Journalist and author. Educated at St. Mary's College, Oscott. Admitted at Middle Temple; called to the bar, 1859, but did not practise law. Editor of the Sun, 1845-1871; of Weekly Register and Catholic Standard, 1874-1881. Contributed to New Monthly, Westminster Review, Blackwood's, and other periodicals. Published collections of his political sketches written for the Sun; two volumes of poems and a collected edition; also other works. Edited a volume of selections from Leigh Hunt, the miscellaneous writings of Bulwer-Lytton, and the works of Burns, Moore, and other authors.
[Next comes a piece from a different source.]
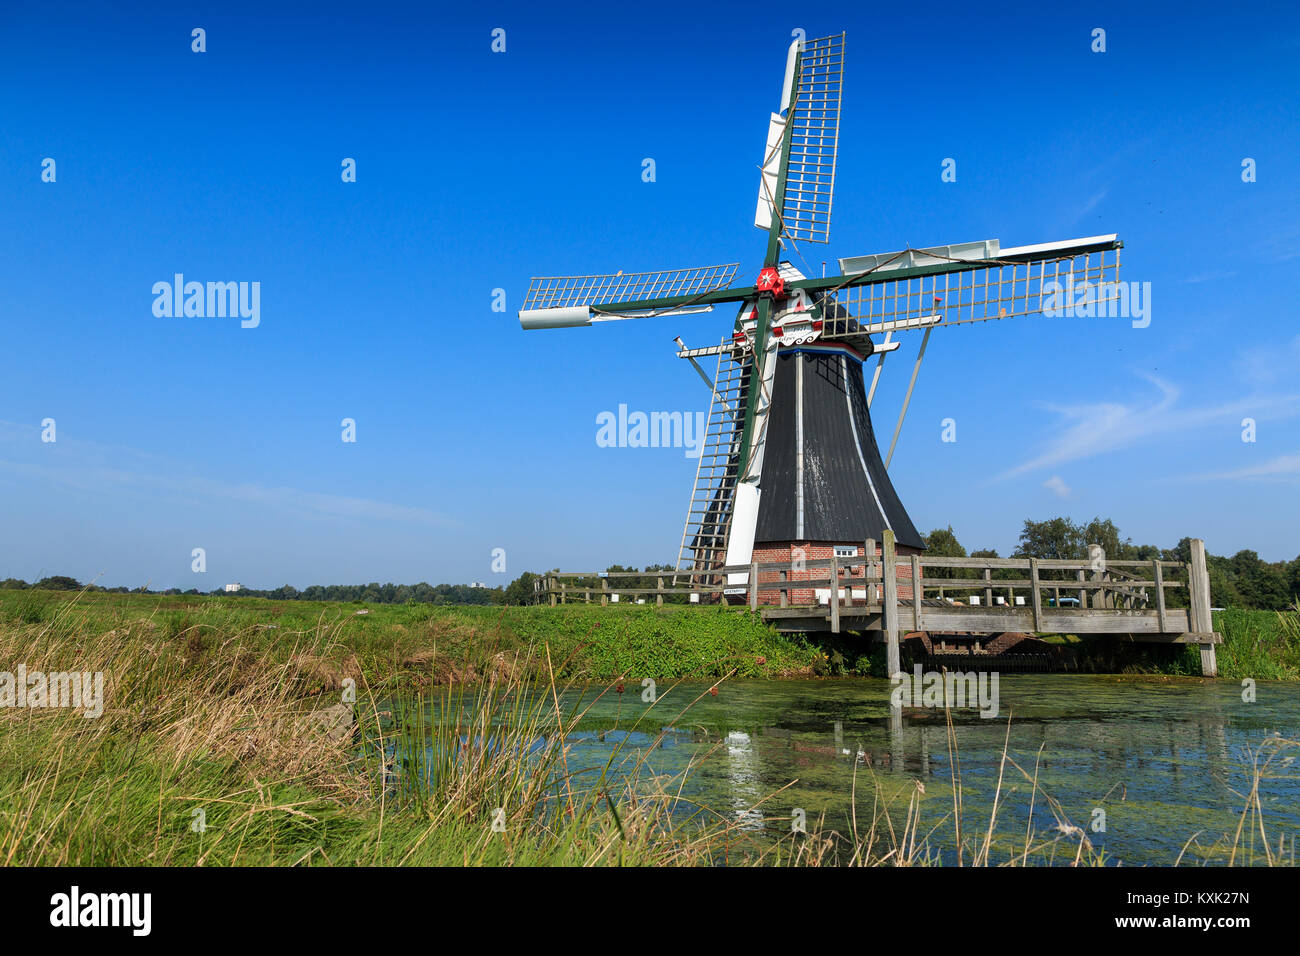 Historic windmill in water landscape. Windmill De Helper near Haren in Groningen, The Netherlands. Stock Photo

In 1887 granted Civil List pension of £100 a year "In recognition of the value of his contributions to biographical and other literature" (Colles, Literature and the Pension List).
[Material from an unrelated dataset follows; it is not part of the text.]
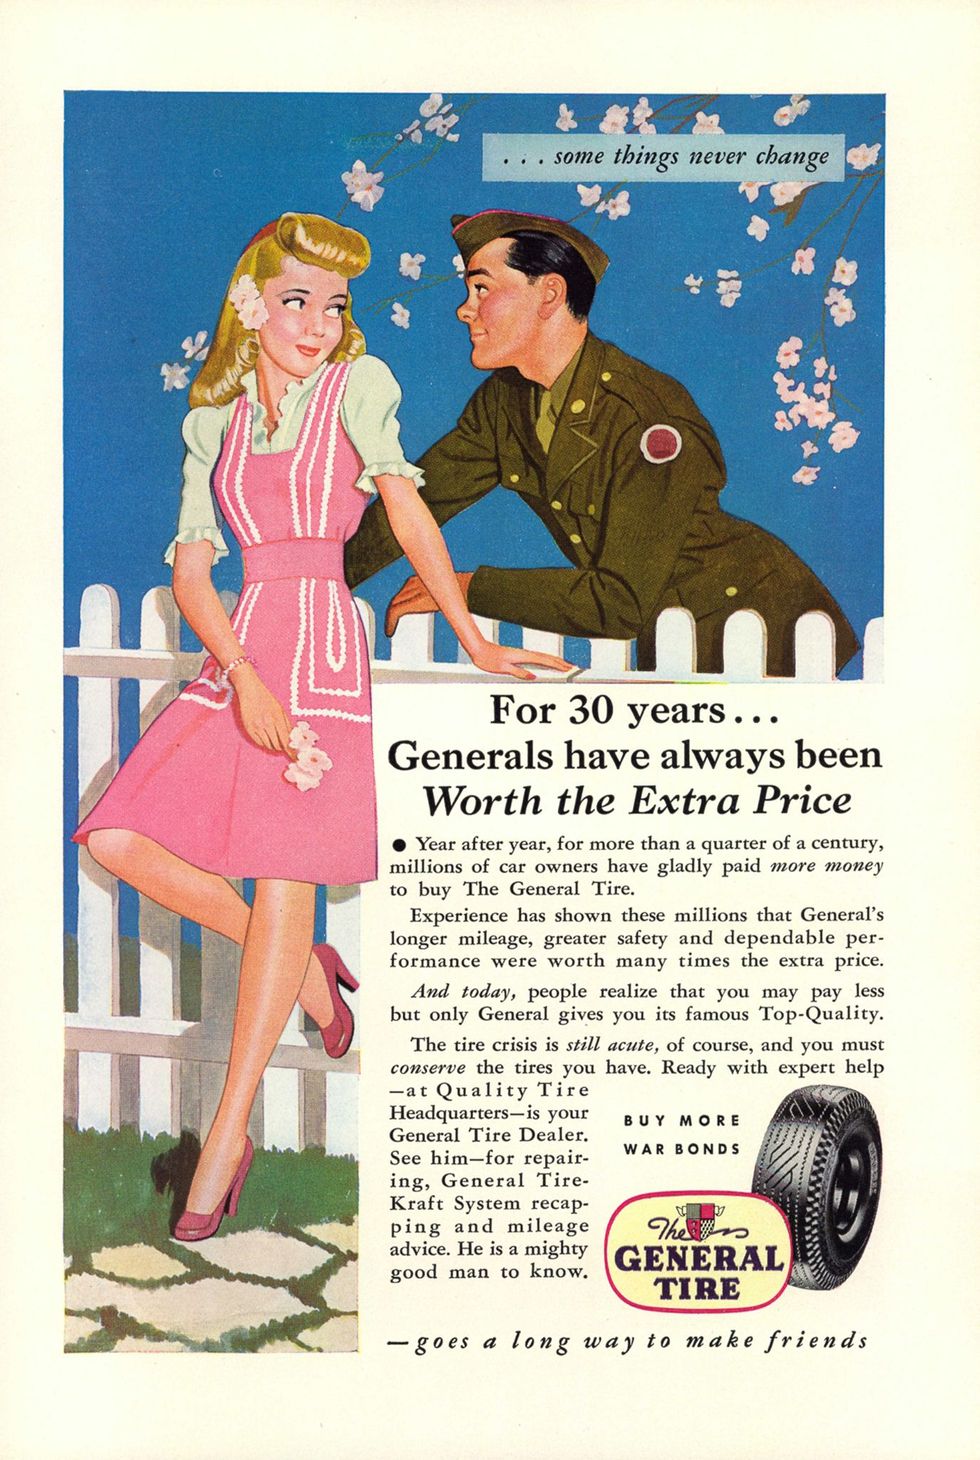 Sommige dingen veranderen nooit volgens deze advertentie uit mei 1944 in National Geographic  vermoedelijk liefde en een goede bandenkwaliteit Toch worden lezers in deze advertentie van General Tire opgeroepen geen banden van de onderneming te kopen tijdens de oorlog om rubber te besparen

Kent was, as Percy Fitzgerald said, a "faithful follower and worshipper" of Dickens (Memories of Charles Dickens, p. 319). The acquaintance of the two men came about through Dickens's writing to Kent as editor of the Sun, asking him to express "Mr. Dickens' warmest acknowledgements and thanks" to the writer of a review of Dombey that had appeared in the paper; Kent himself had written the review. The friendship that followed continued unbroken to the end of Dickens's life. One of the last letters that Dickens wrote on the day before his death was a letter to Kent, arranging to see him the following day. Kent dedicated his Footprints on the Road to Dickens "with earnest regard and grateful admiration". The dedication, wrote Dickens, "heartily, most heartily, gratifies me, as the sincere tribute of a true and generous heart". He was charmed with the book (to Kent, November 6 1865). In the Athenaeum, June 3 1871, Kent published a verse tribute to Dickens: "O Friend! O Brother! dearer to my heart / Than ev'n thy loving friendship could discern ...".

In 1872 he published Charles Dickens As a Reader, a book which he had begun some time before Dickens's death and for which Dickens had placed various materials at his disposal. Kent edited two books of selections from Dickens's writings and published some miscellaneous Dickensiana.

Author: Anne Lohrli; © University of Toronto Press, 1971.